Setting up a version of Apache Spark can be a bit tricky; I found this useful guide to help avoid some of the biggest issues: https://towardsdatascience.com/how-to-get-started-with-pyspark-1adc142456ec

 - **DataFrame API**: Similar to e.g. Pandas DataFrames.
 - **RDD API**: The "Resilient Distributed Dataset", is an **interface** to a sequence of data objects located in a collection of machines. A subset of the DataFrame API. This was the original data structure of Apache Spark.
 - **Dataset API**: *Only available in Java and Scala*, this is some combination between DataFrames and RDD.

One key important feature of Spark is that it features data *transformations* and *actions*. *Transformations* are executed "lazily," e.g. because they do not immediately require an output, Spark will wait until there is an action (requiring an output) to perform the transformation(s)+action, which optimizes its performance.

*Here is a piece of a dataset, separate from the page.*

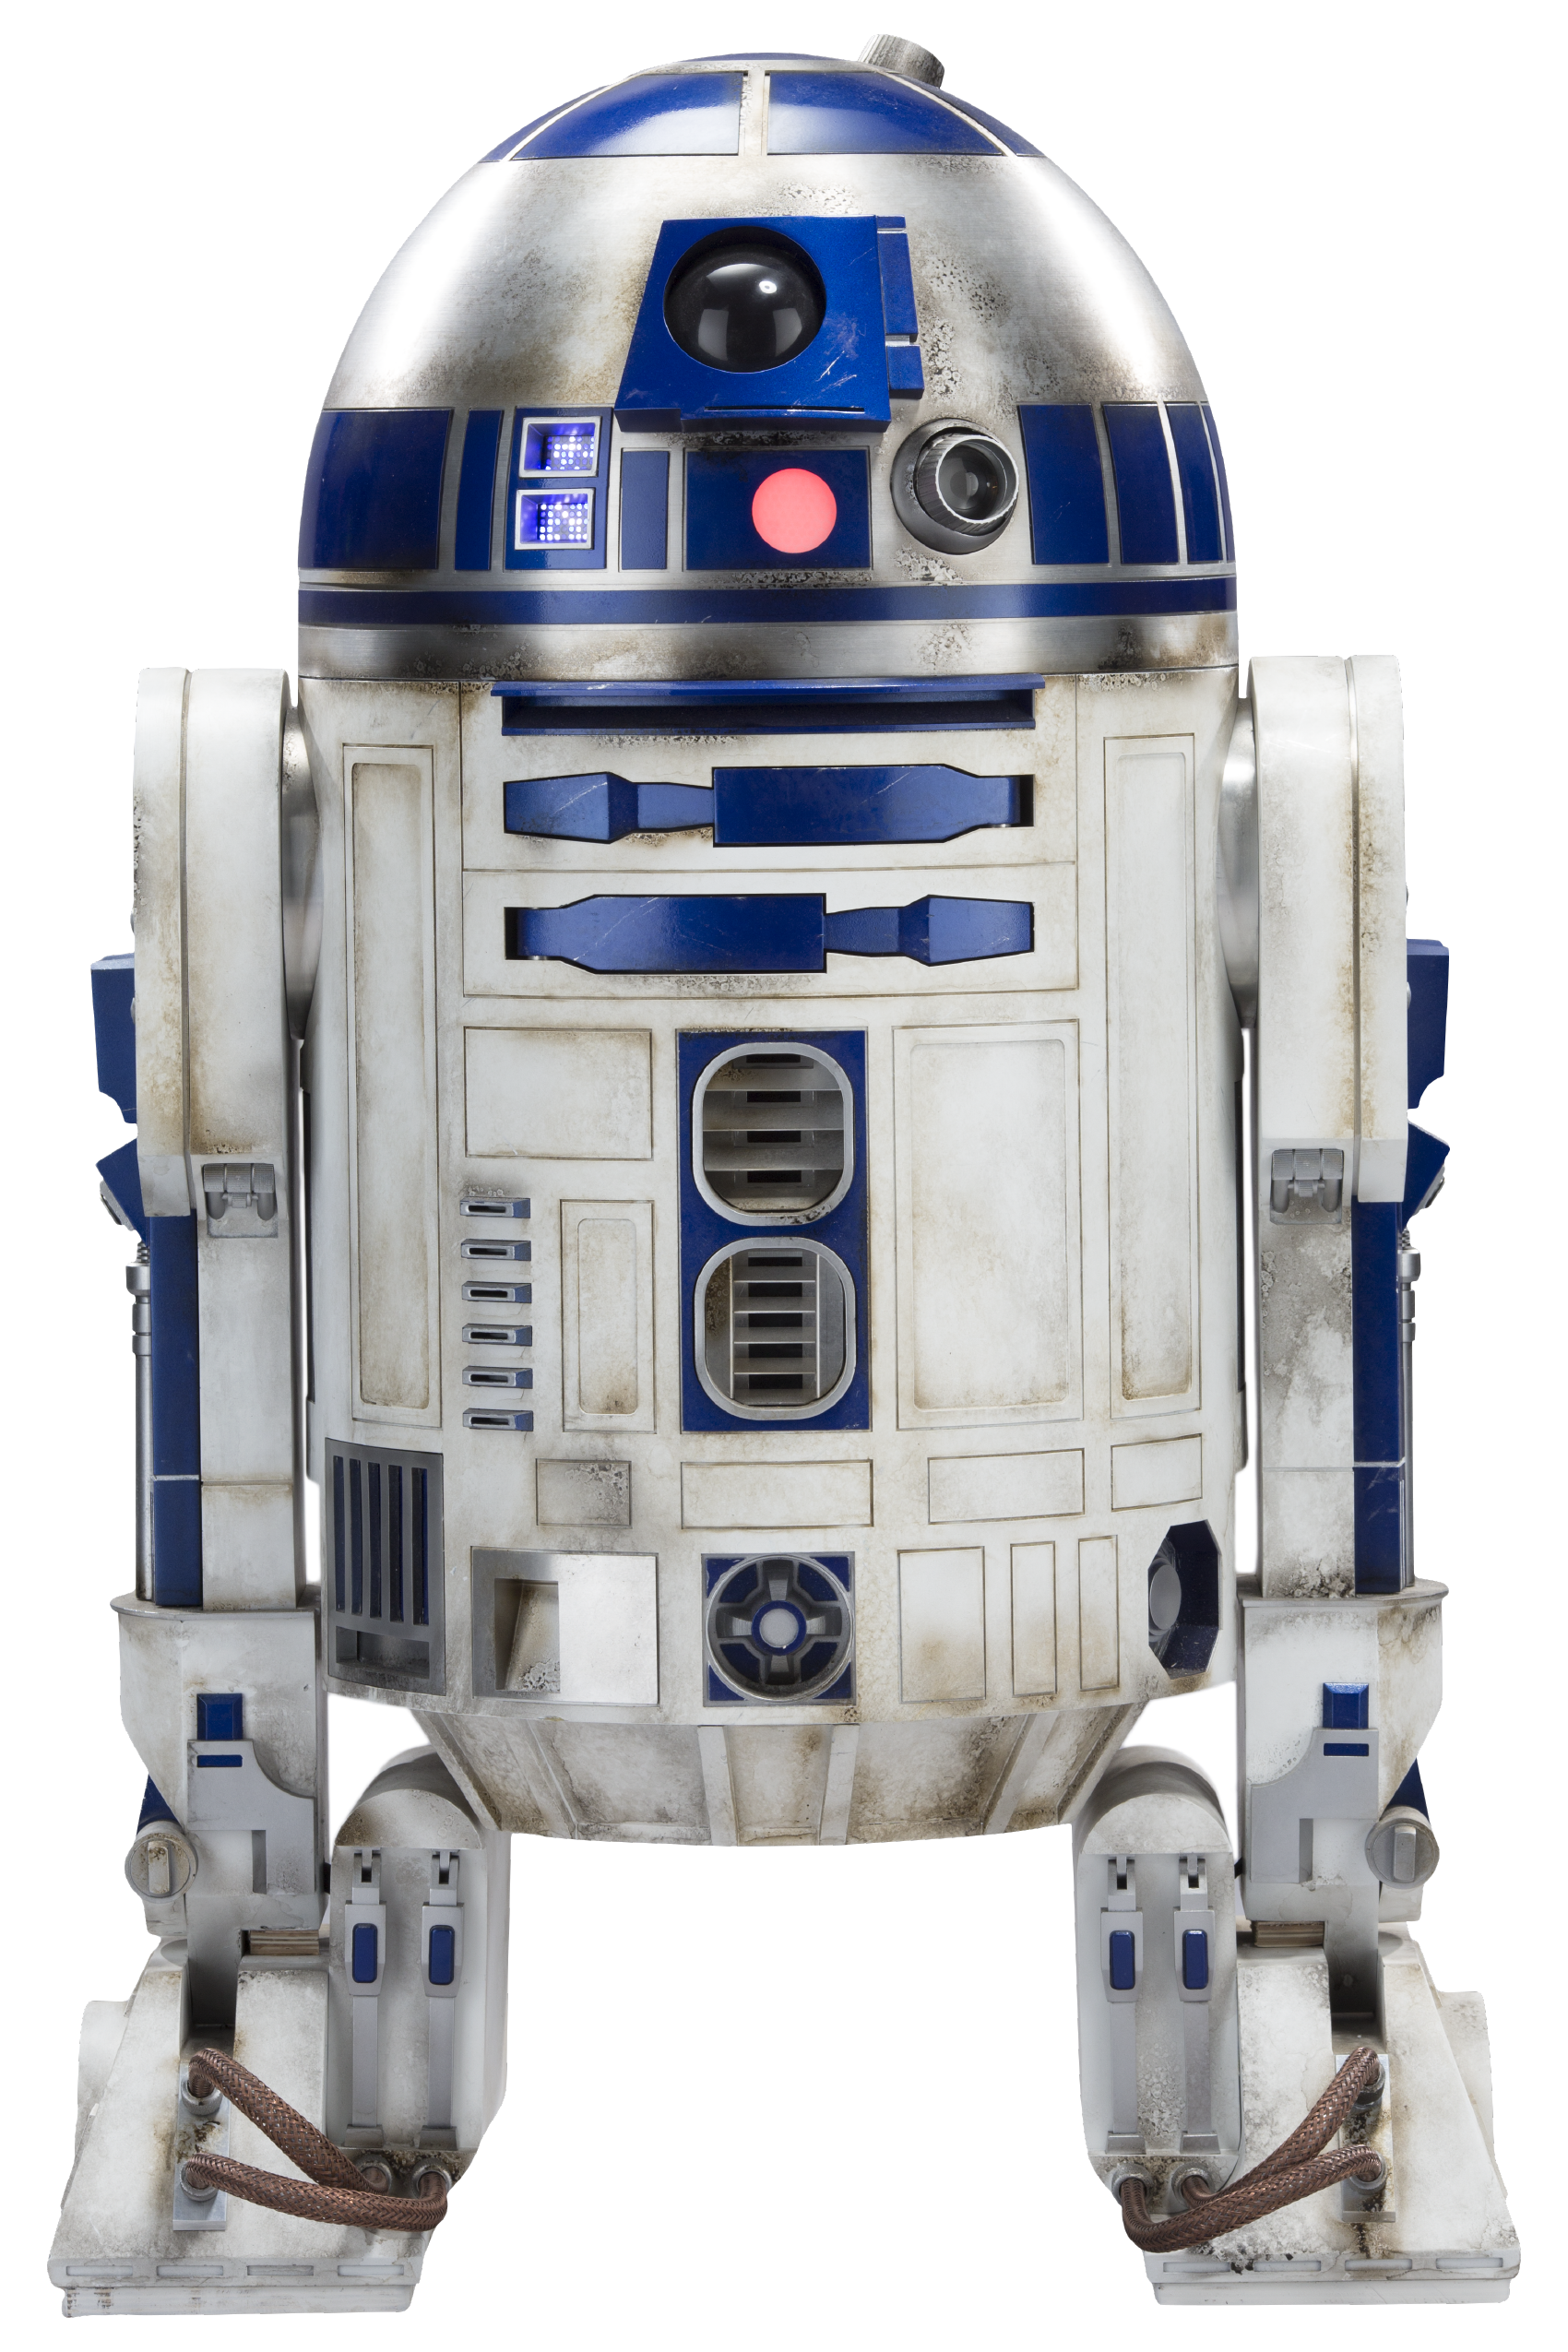 STAR WARS SMART R2-D2 INTELLIGENT RC DROID REMOTE CONTROLLED NEW SEALED

You can get pyspark by running the following -- **note, however, that pyspark is insufficient to set up a standalone spark cluster**.
```bash
pip3 install pyspark
```

Otherwise, you should go to the Apache Spark website and download one of the latest versions (as a tgz), and unzip it in your home directory.

Note that you will have to make sure you have downloaded the Java Development Kit (JDK), e.g. here: https://www.oracle.com/java/technologies/javase/javase-jdk8-downloads.html.
(Note that we are installing JDK 8, because Spark 2.x apparently does not work with Java versions >8.)

Add the following to your `.bash_profile` script:

```bash
export JAVA_HOME=$(/usr/libexec/java_home)
export PATH=$HOME/spark-3.1.2-bin-hadoop3.2/bin:$PATH
export PYSPARK_PYTHON=python3
```

Then you can use the command-line interface simply by typing:
```bash
pyspark
```

Some More Concepts:
========

 - **Wide vs narrow Transformations**: A wide transformation is one that occurs across multiple nodes of a spark cluster, e.g. `orderBy` or `groupBy`. Narrow transformations include e.g. `filter` and `contains` (applied to individual rows). Wide transformations must be used carefully, because they incur a fairly hefty time penalty.